#### [What this task involves]
Repeat the lines of the data exactly and exclude any picture among them.

#### [Collected data]

------------------------------------

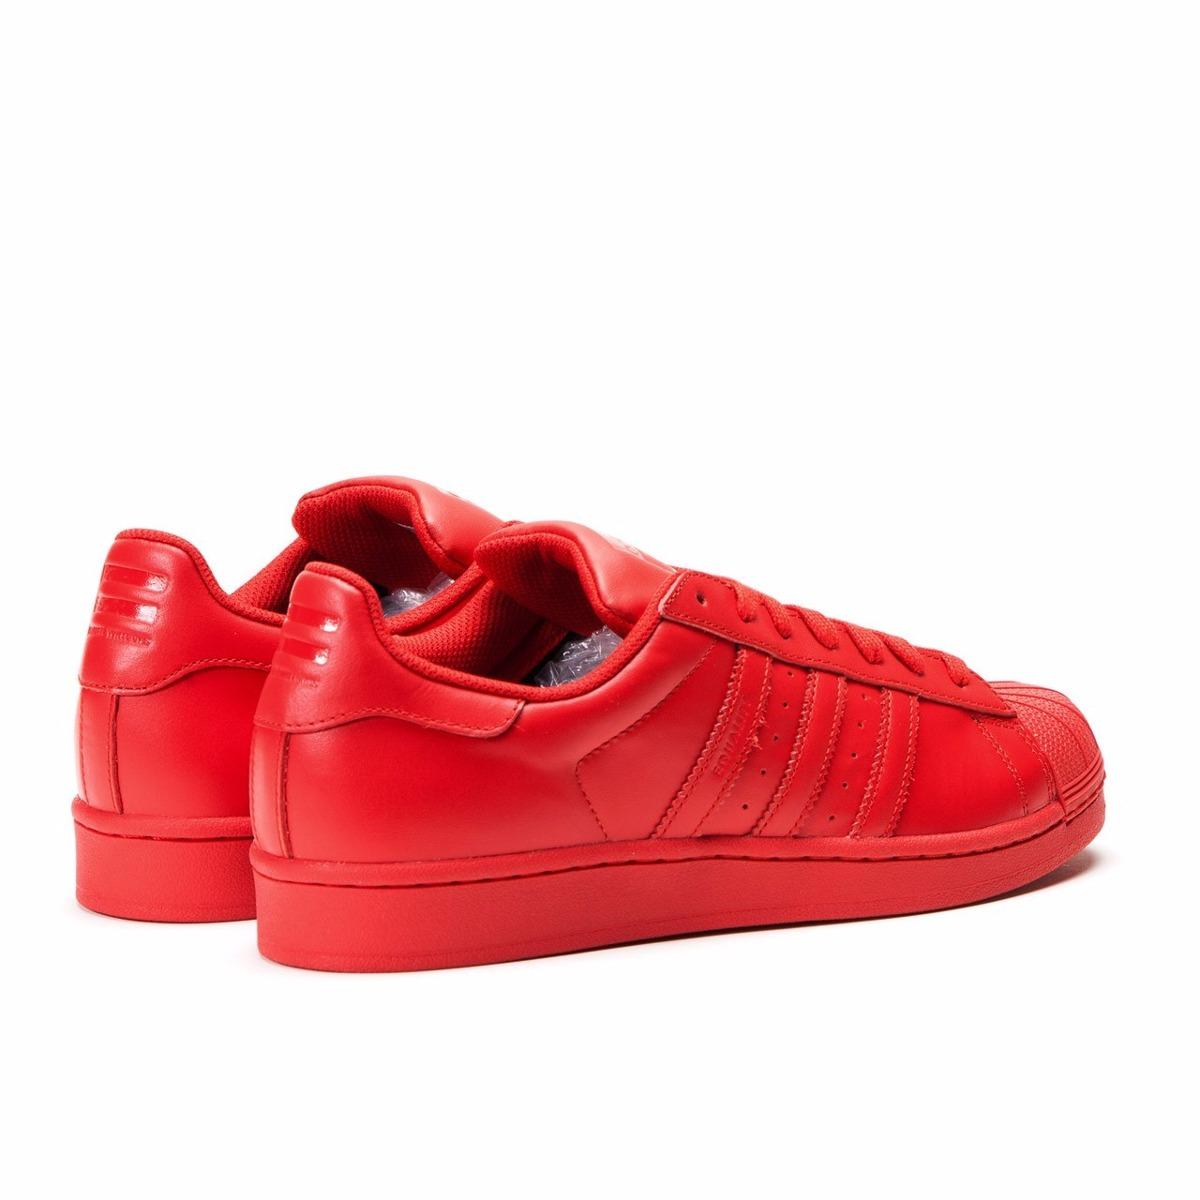 uk availability d598a d802c Original Hombre Superstar Adidas Mujer Zapatillas Supercolor awfR8Hq
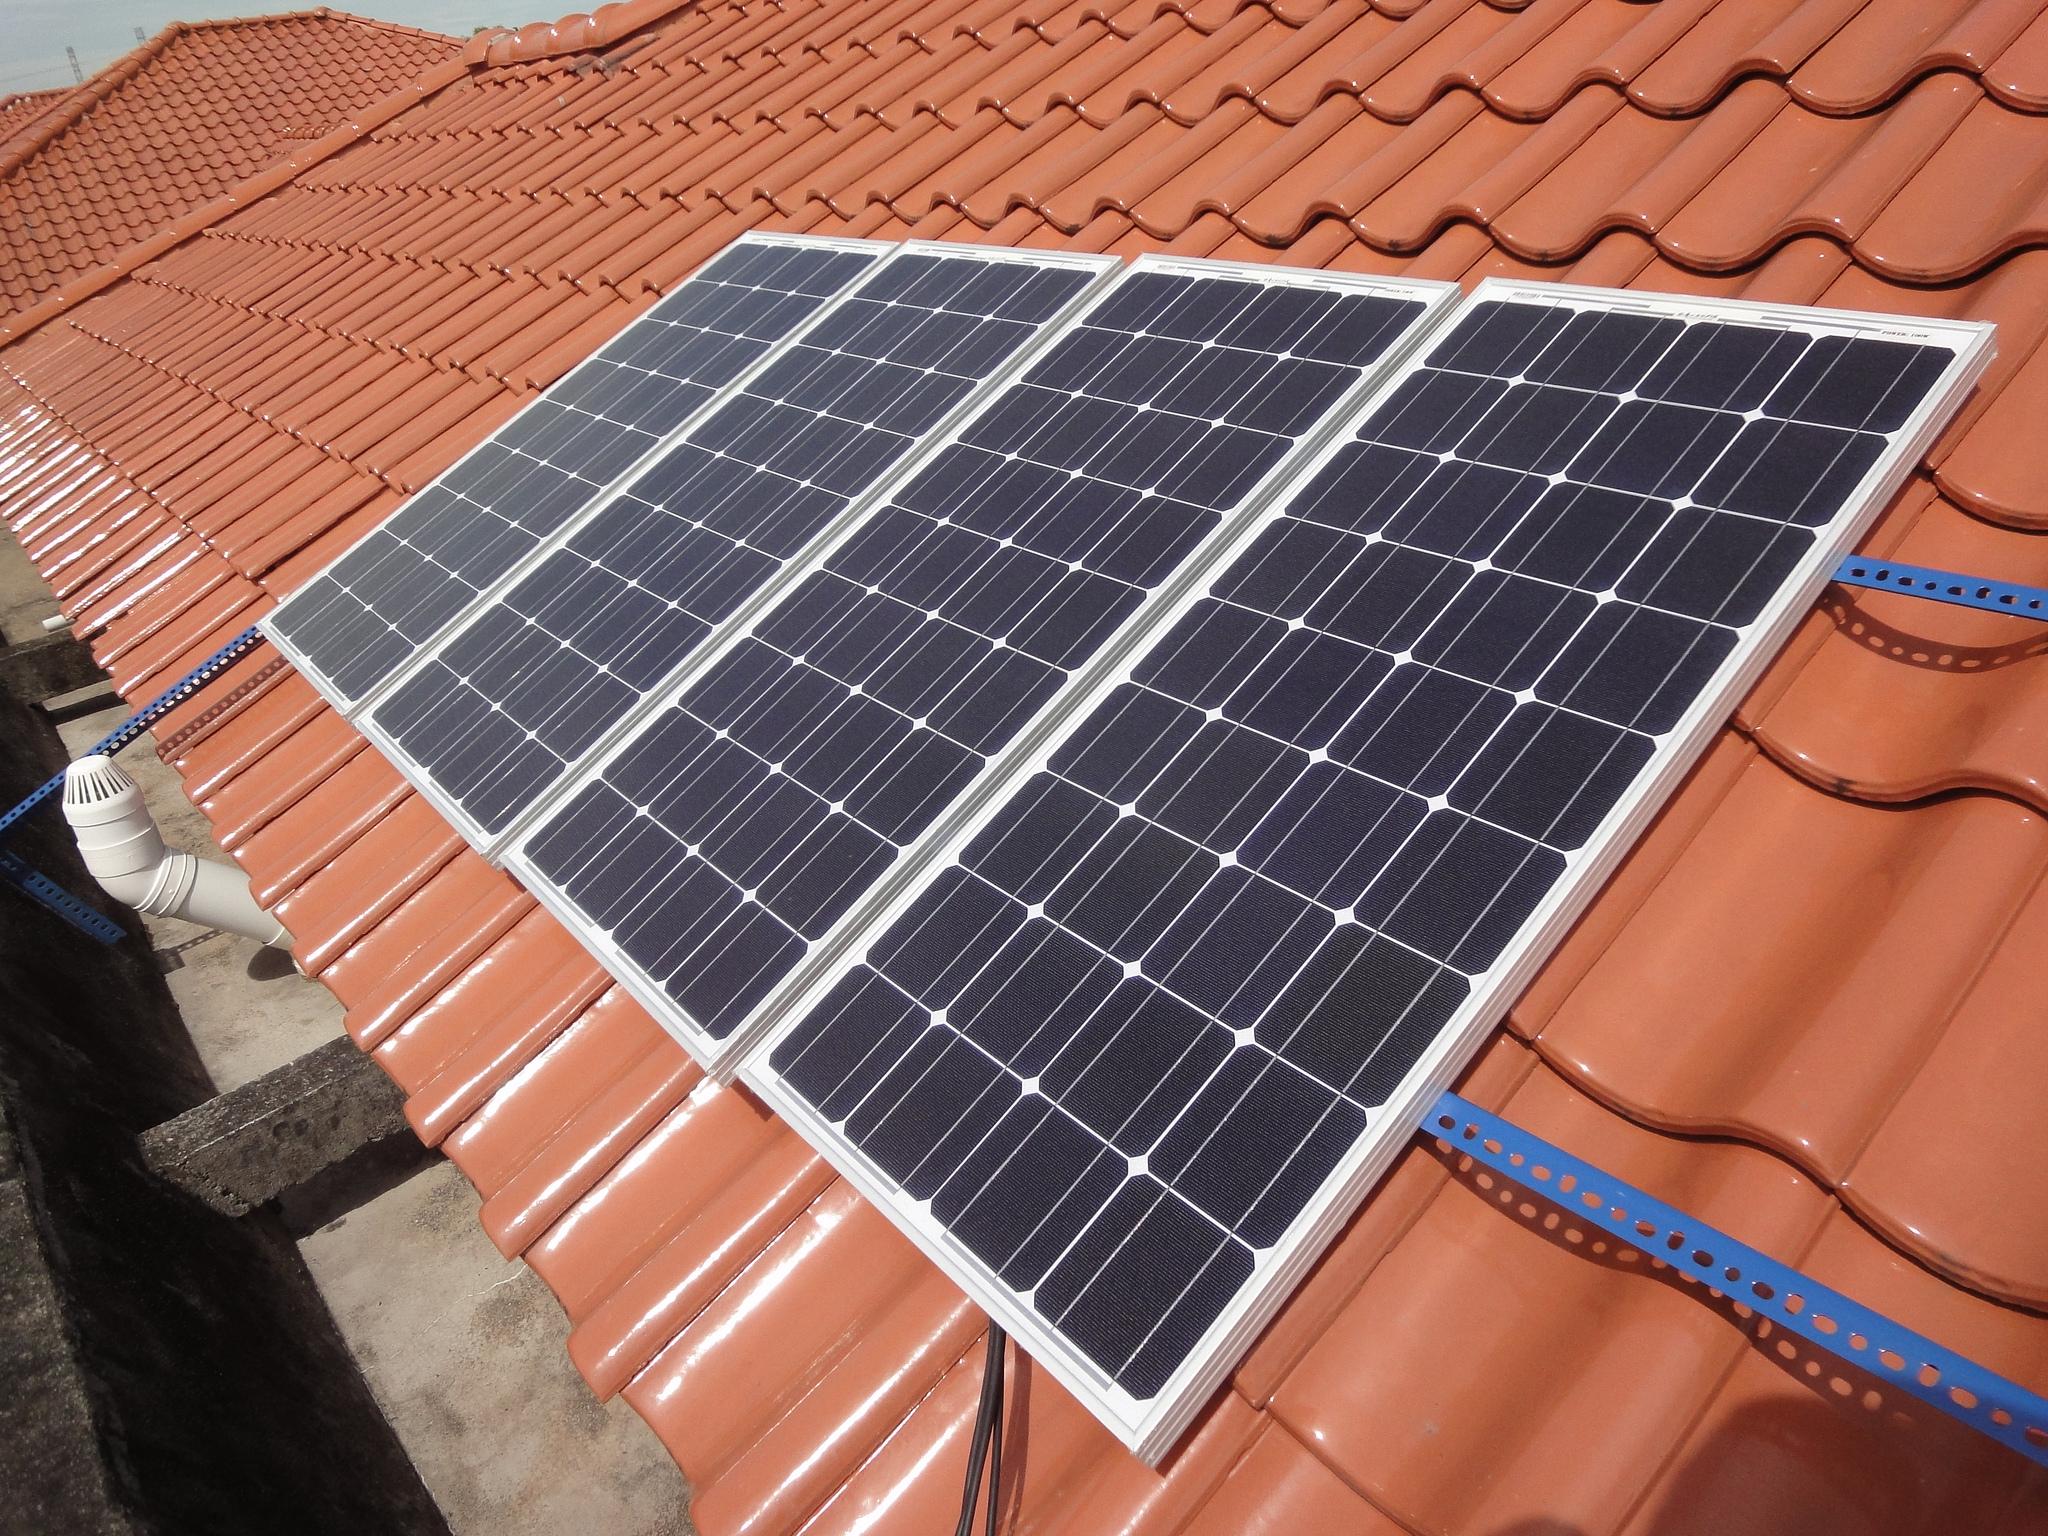 flickr.com; Marufish Solar Panel/ https://flic.kr/p/dH6FW3; Veröffentlicht unter: https://creativecommons.org/licenses/by-sa/2.0/
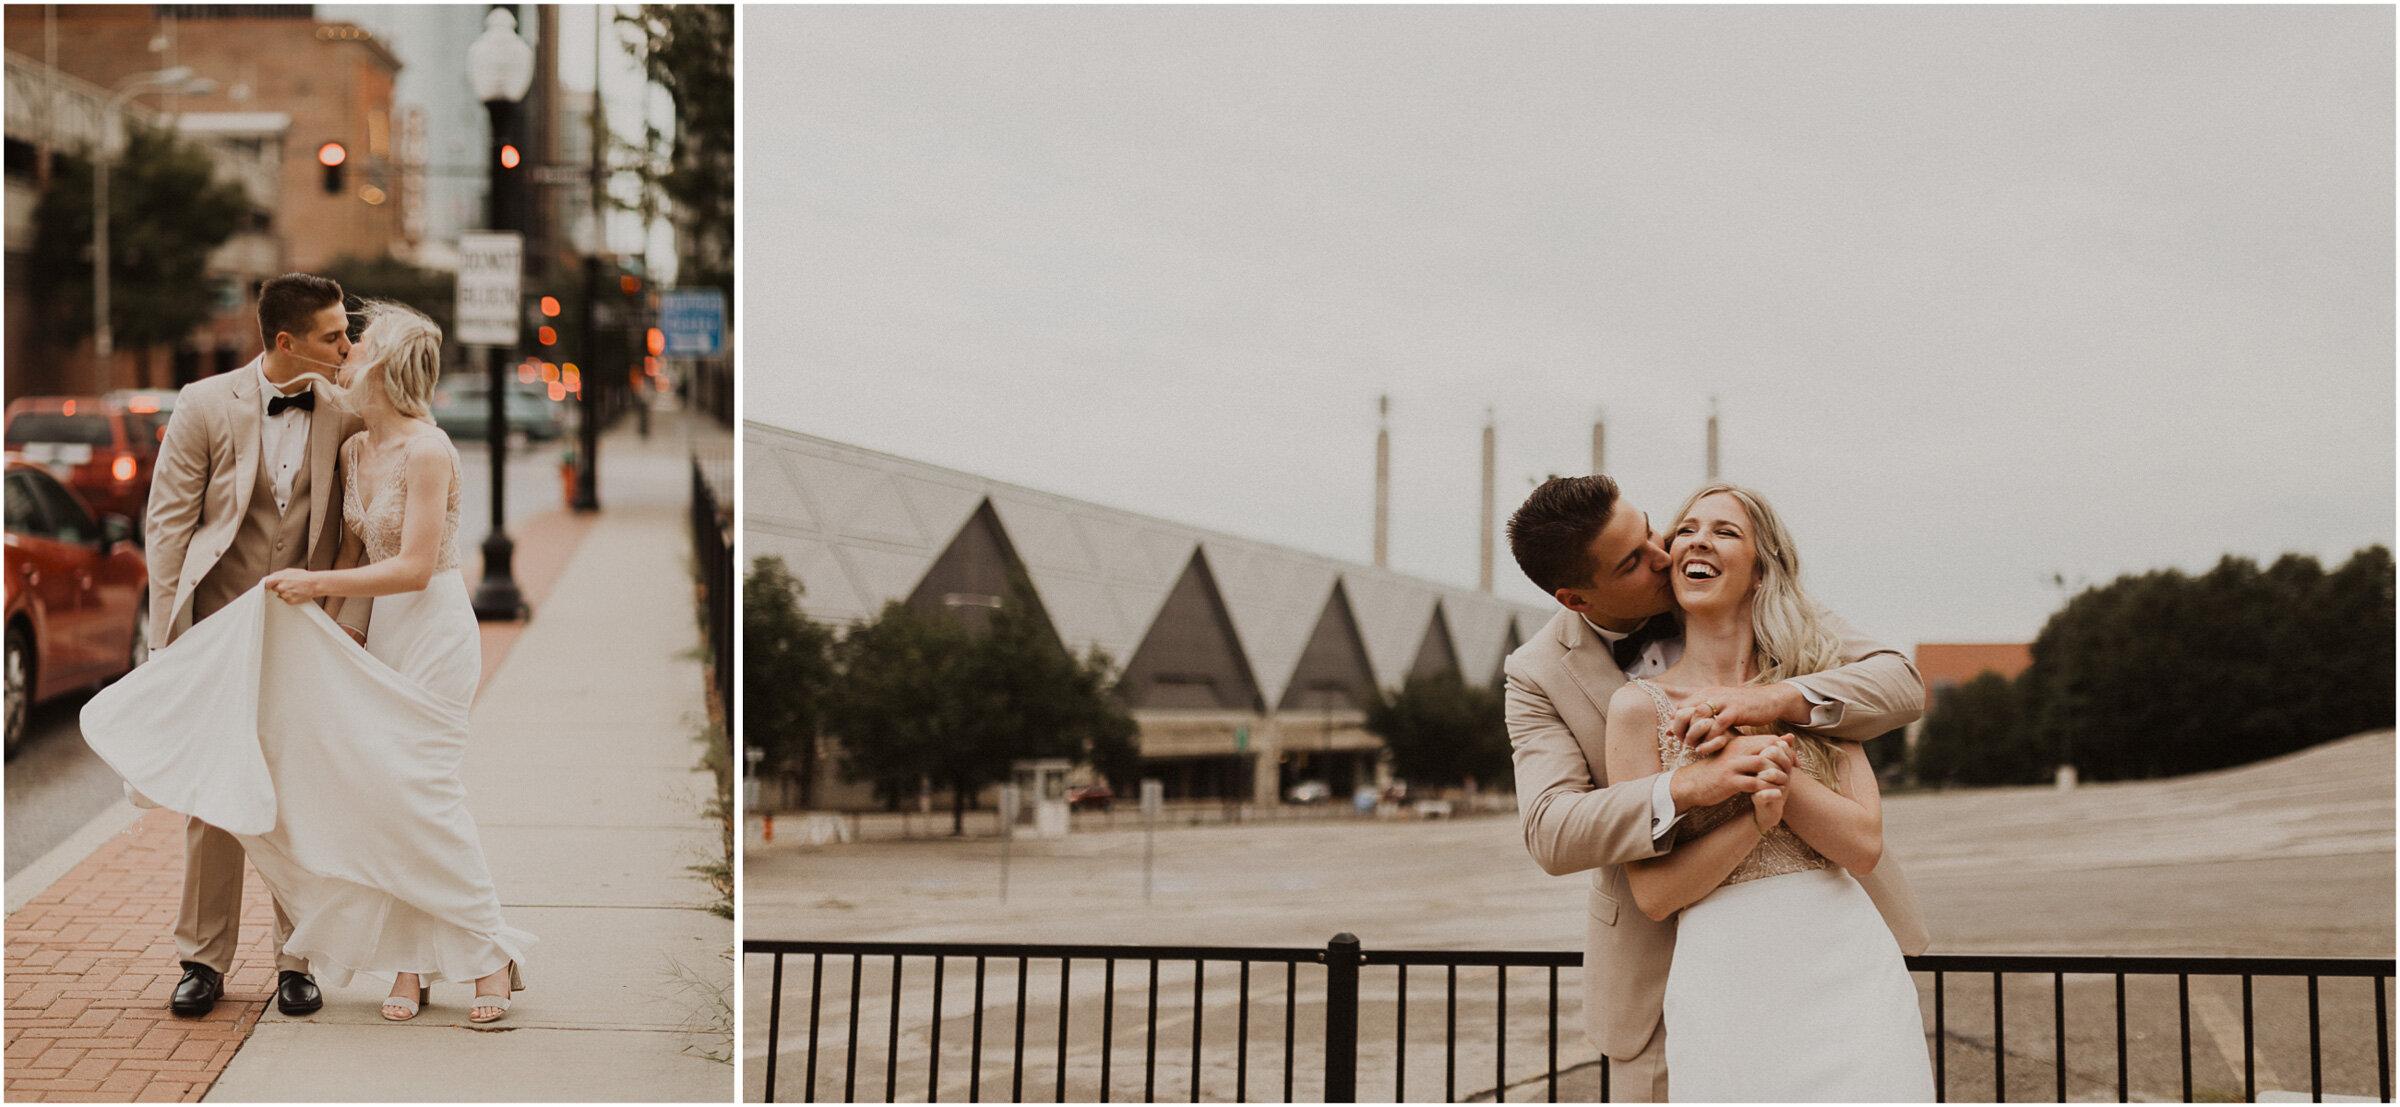 alyssa barletter photography downtown kansas city wedding boulevard brewery reception rainy day wedding-39.jpg
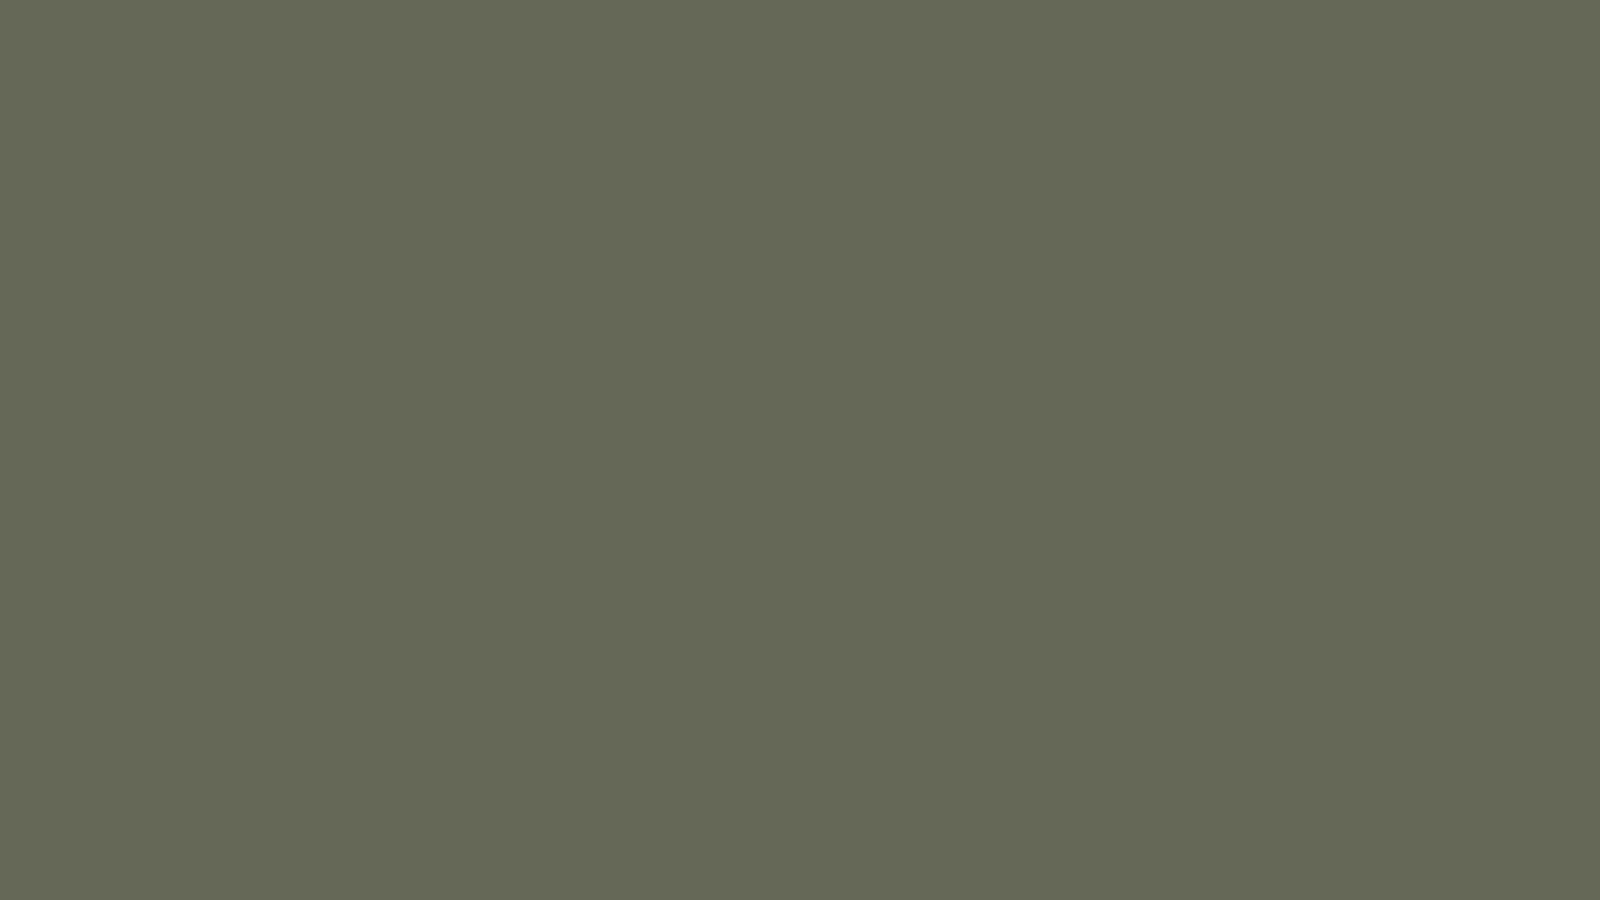 Лента ABS 055 Глянцевая 23х1мм, Cammello (верблюжий)

------------------------------------

#### [Answer for the task]
 uk availability d598a d802c Original Hombre Superstar Adidas Mujer Zapatillas Supercolor awfR8Hq
 flickr.com; Marufish Solar Panel/ https://flic.kr/p/dH6FW3; Veröffentlicht unter: https://creativecommons.org/licenses/by-sa/2.0/
 alyssa barletter photography downtown kansas city wedding boulevard brewery reception rainy day wedding-39.jpg
 Лента ABS 055 Глянцевая 23х1мм, Cammello (верблюжий)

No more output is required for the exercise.